I'm pretty sure that bound can be improved. Any ideas?
There is a fairly simple strategy which requires (1 + ε)log(n) + 1/ε + O(1) queries, for any constant ε > 0. I illustrate this strategy below.
First, I ask you whether or not X, the secret number, is n/2. Without loss of generality, suppose you answer "less". I learn nothing at first, because you may be lying; but for the moment I give you the benefit of the doubt.
I next ask you whether X is n/4. If you say "less", I don't know whether or not 0 < X < n/4, but I do know that 0 < X < n/2, because you can't lie twice. Similarly, if I go about a normal binary search, so long as you continue to answer "less", I know that your answer to the preceding query was honest. So we may reduce to the case where you say "more" to my query of whether X is n/4.
If I continue to take you at your word, persue a binary search, and enquire about whether X is 3n/8, you may say either "more" or "less". If you say "more", then I don't know whether X > n/2, but I do know that X > n/4, again because you can't lie twice. So again so long as you continue to answer "more" in my normal binary search, I know that your answer to the preceding query was honest.
More generally: if I consistently guess under the hypothesis that you are being honest, in any "monotonic" sequence of responses, I know that all but (possibly) the last of them are honest. So it might seem as though the worst case scenario is where your responses alternate a lot, as would occur for instance if you had chosen something like X = ⌊ n/3 ⌋. But in the alternating case too, I can be confident of the honesty of some of your answers:
- If you say (non-monotonically) that X is less than 3n/8, I don't know whether X is less than 3n/8 for sure; but I do know that X < n/2, because again you can't have lied about both.
More generally: not only do I know that monotonic subsequences of answers are mostly honest, I know that any time that you answer "more" or "less", your previous answer of the same kind was also honest. So in fact I should be most suspicious, when I encounter long monotonic subsequences in your answers, that the answer previous to that monotonic subsequence was a lie.
What I need is a strategy that will tell me when to revisit an old question, depending on how large n is. Ideally, revisiting old questions would require very little overhead. If I encounter a monotonic sequence of f(n) responses, I revisit the last question before that monotonic sequence started.

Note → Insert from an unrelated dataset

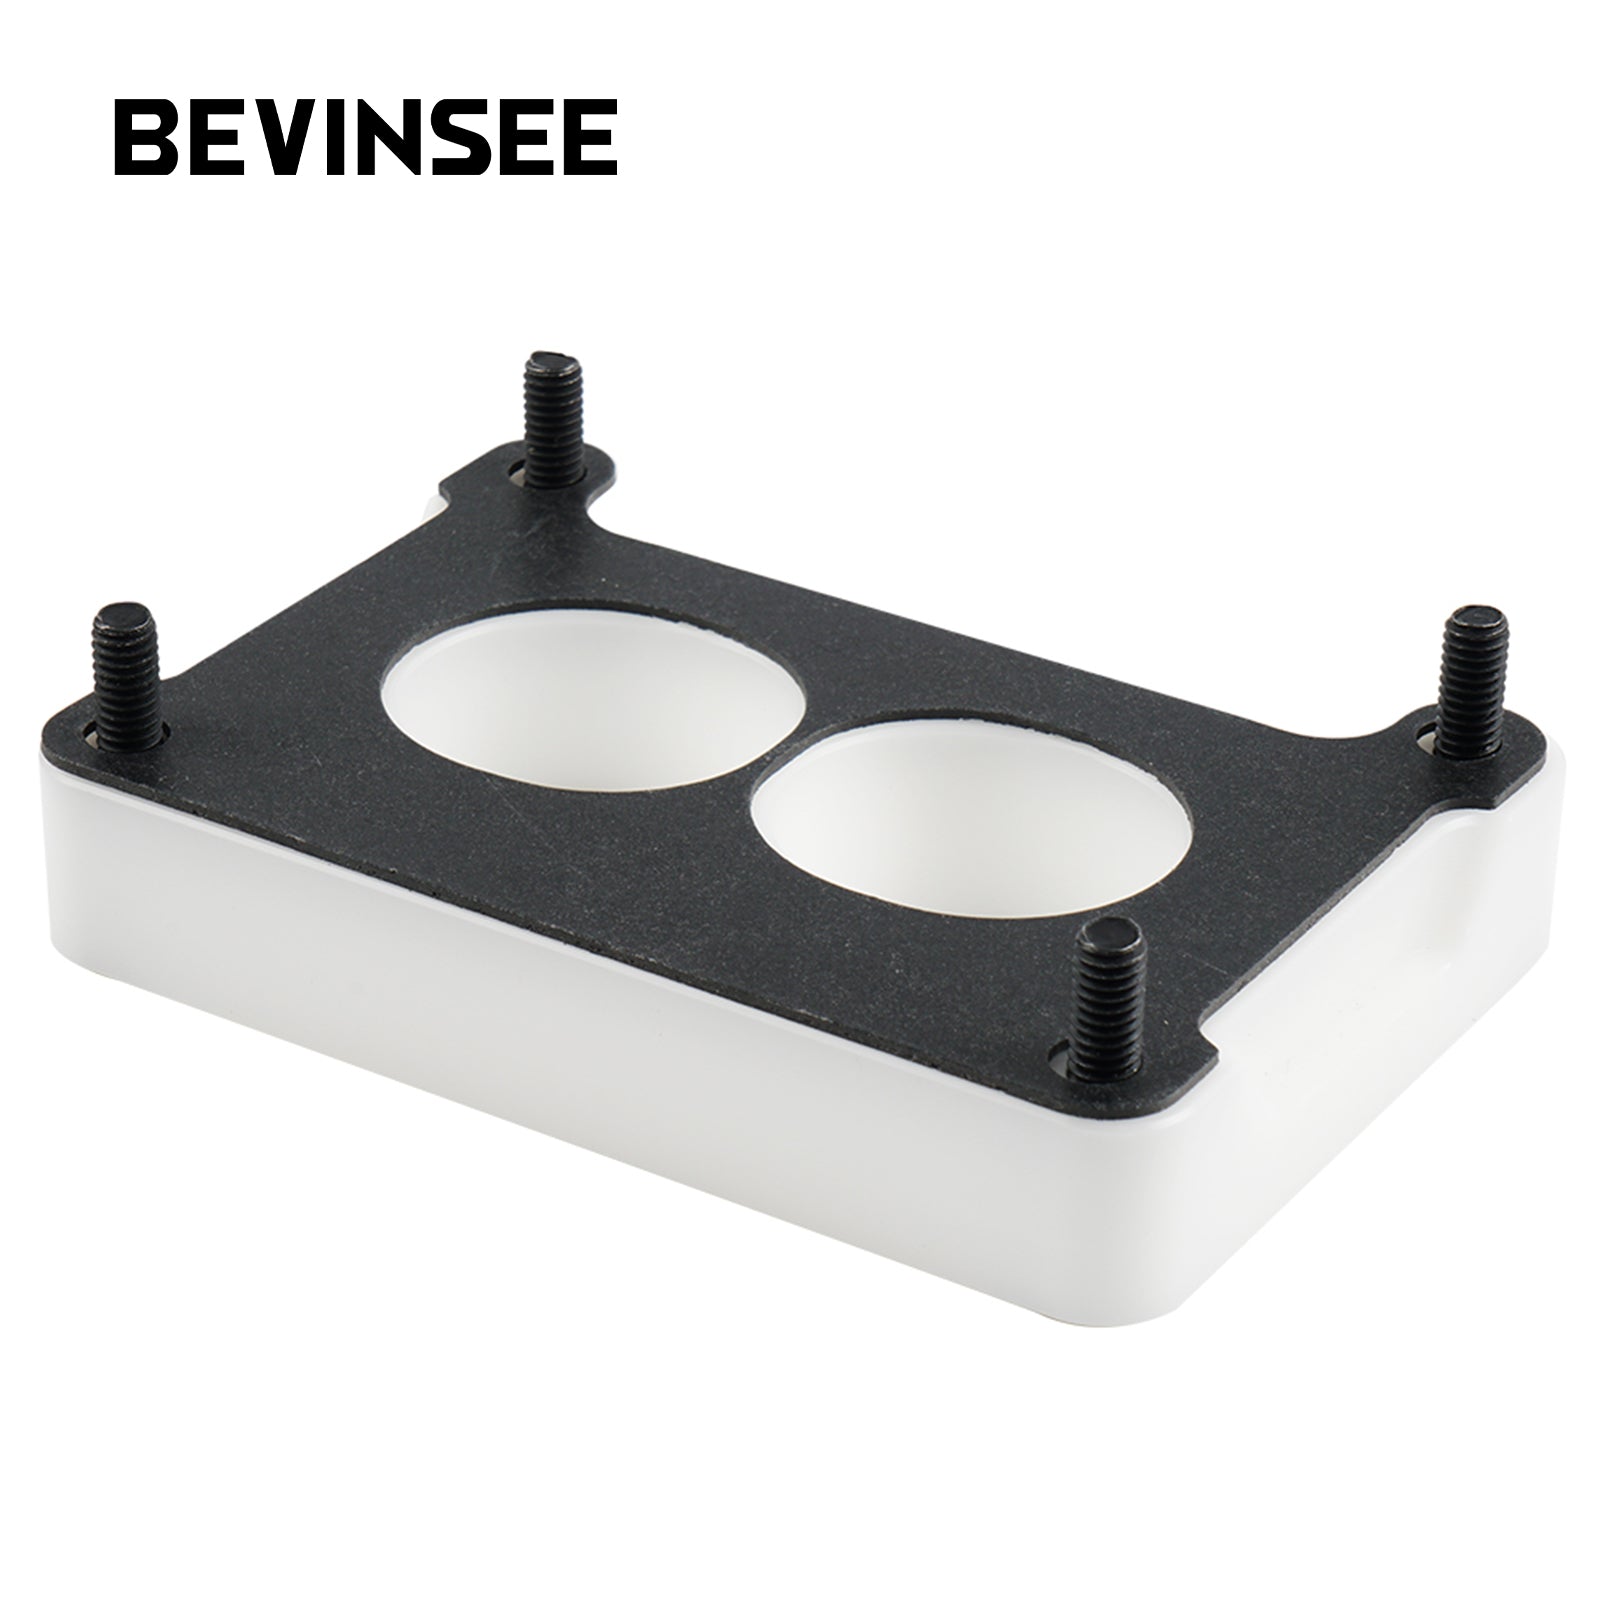 BEVINSEE Intake Manifold Adapter for Chevy TBI Throttle Body to Holley 4412 2300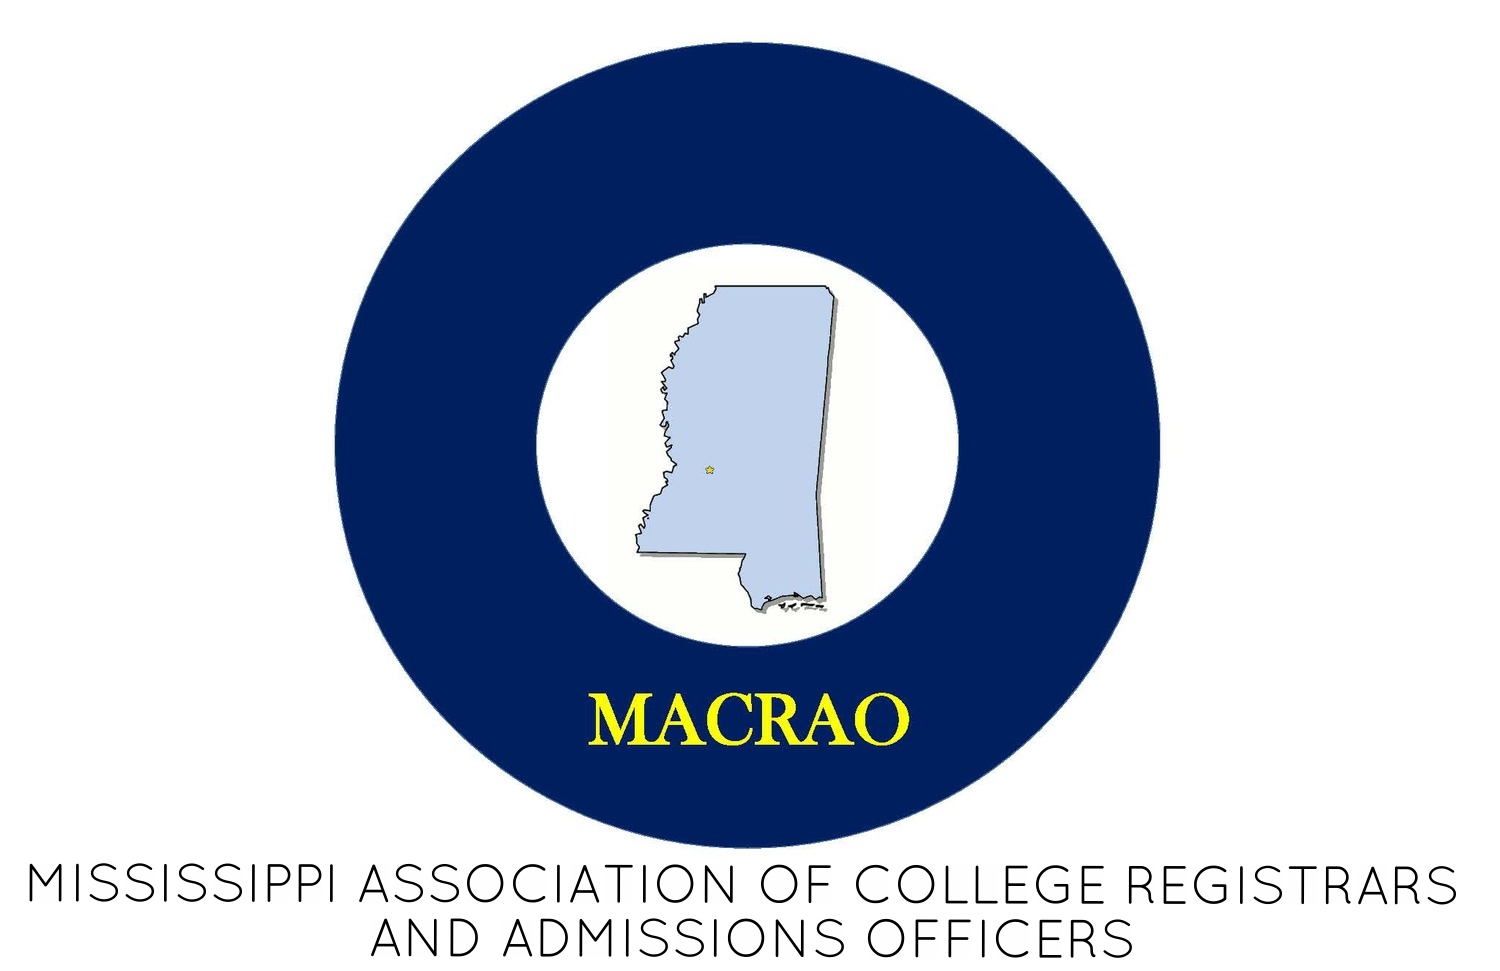 Mississippi Association of College Registrars and Admissions Officers

- For instance, if your responses to queries about n/4, 3n/8, 7n/16, etc. are all monotonically "more", I eventually ask about the last time you said "less", which is for n/2, just in case you lied back then. This allows me to avoid the scenario where you lie about n/2, and keep me guessing at (2t−1 − 1)/2t until I eliminate all possibilities, catch you in your lie, and then redo all of my binary search for queries greater than n/2.
If I do a double-check like this every time I encounter a monotonic sequence of length r, I will in the worst case query you about (r+1)log(n)/r = (1 + 1/r)log(n) times. If I catch you in a lie, I will have only "wasted" r queries, and my strategy afterwards can be just a simple binary search without double-checks; so your optimal strategy for maximizing the number of queries I make is actually not to lie at all, or to save your lie for nearly the end of the game to cost me about r additional queries. Here r can be an arbitrarily large integer; thus for any ε, I can achieve a query rate of (1 + ε)log(n) + 1/ε + O(1) by setting r > 1/ε.
Bonus problem #1. Without too much extra work, I think you can improve this to a strategy requiring only log(n) + O(log log(n)) queries, but I'm too lazy to work out the details right now.
Bonus problem #2. Generalize this strategy to the regime where you are allowed to lie to me some fixed number of times L > 0.
Look at this answer on MathOverflow:
Yes, there is a way to guess a number asking 14 questions in worst case. To do it you need a linear code with length 14, dimension 10 and distance at least 3. One such code can be built based on Hamming code (see http://en.wikipedia.org/wiki/Hamming_code).
Here is the strategy.
Let us denote bits of first player's number as ai, i ∈ [1..10]. We start with asking values of all those bits. That is we ask the following questions: "is it true that i-th bit of your number is zero?" Let us denote answers on those questions as bi, i ∈ [1..10].
Now we ask 4 additional questions:
Is it true that a1 ⊗ a2 ⊗ a4 ⊗ a5 ⊗ a7 ⊗ a9 is equal to zero? (⊗ is sumation modulo 2).
Is it true that a1 ⊗ a3 ⊗ a4 ⊗ a6 ⊗ a7 ⊗ a10 is equal to zero?
Is it true that a2 ⊗ a3 ⊗ a4 ⊗ a8 ⊗ a9 ⊗ a10 is equal to zero?
Is it true that a5 ⊗ a6 ⊗ a7 ⊗ a8 ⊗ a9 ⊗ a10 is equal to zero?
Let q1, q2, q3 and q4 be answers on those additional questions. Now second player calculates ti (i ∈ [1..4]) --- answers on those questions based on bits bj which he previously got from first player.
Now there are 16 ways how bits qi can differ from ti. Let di = qi ⊗ ti (hence di = 1 iff qi ≠ ti ).
Let us make table of all possible errors and corresponding values of di: position of error -> (d1, d2, d3, d4)
no error -> (0, 0, 0, 0)
error in b1 -> (1, 1, 0, 0)
error in b2 -> (1, 0, 1, 0)
error in b3 -> (0, 1, 1, 0)
error in b4 -> (1, 1, 1, 0)
error in b5 -> (1, 0, 0, 1)
error in b6 -> (0, 1, 0, 1)
error in b7 -> (1, 1, 0, 1)
error in b8 -> (0, 0, 1, 1)
error in b9 -> (1, 0, 1, 1)
error in b10 -> (0, 1, 1, 1)
error in q1 -> (1, 0, 0, 0)
error in q2 -> (0, 1, 0, 0)
error in q3 -> (0, 0, 1, 0)
error in q4 -> (0, 0, 0, 1)
All the values of (d1, d2, d3, d4) are different. Hence we can find where were an error and hence find all ai.
Answered by falagar.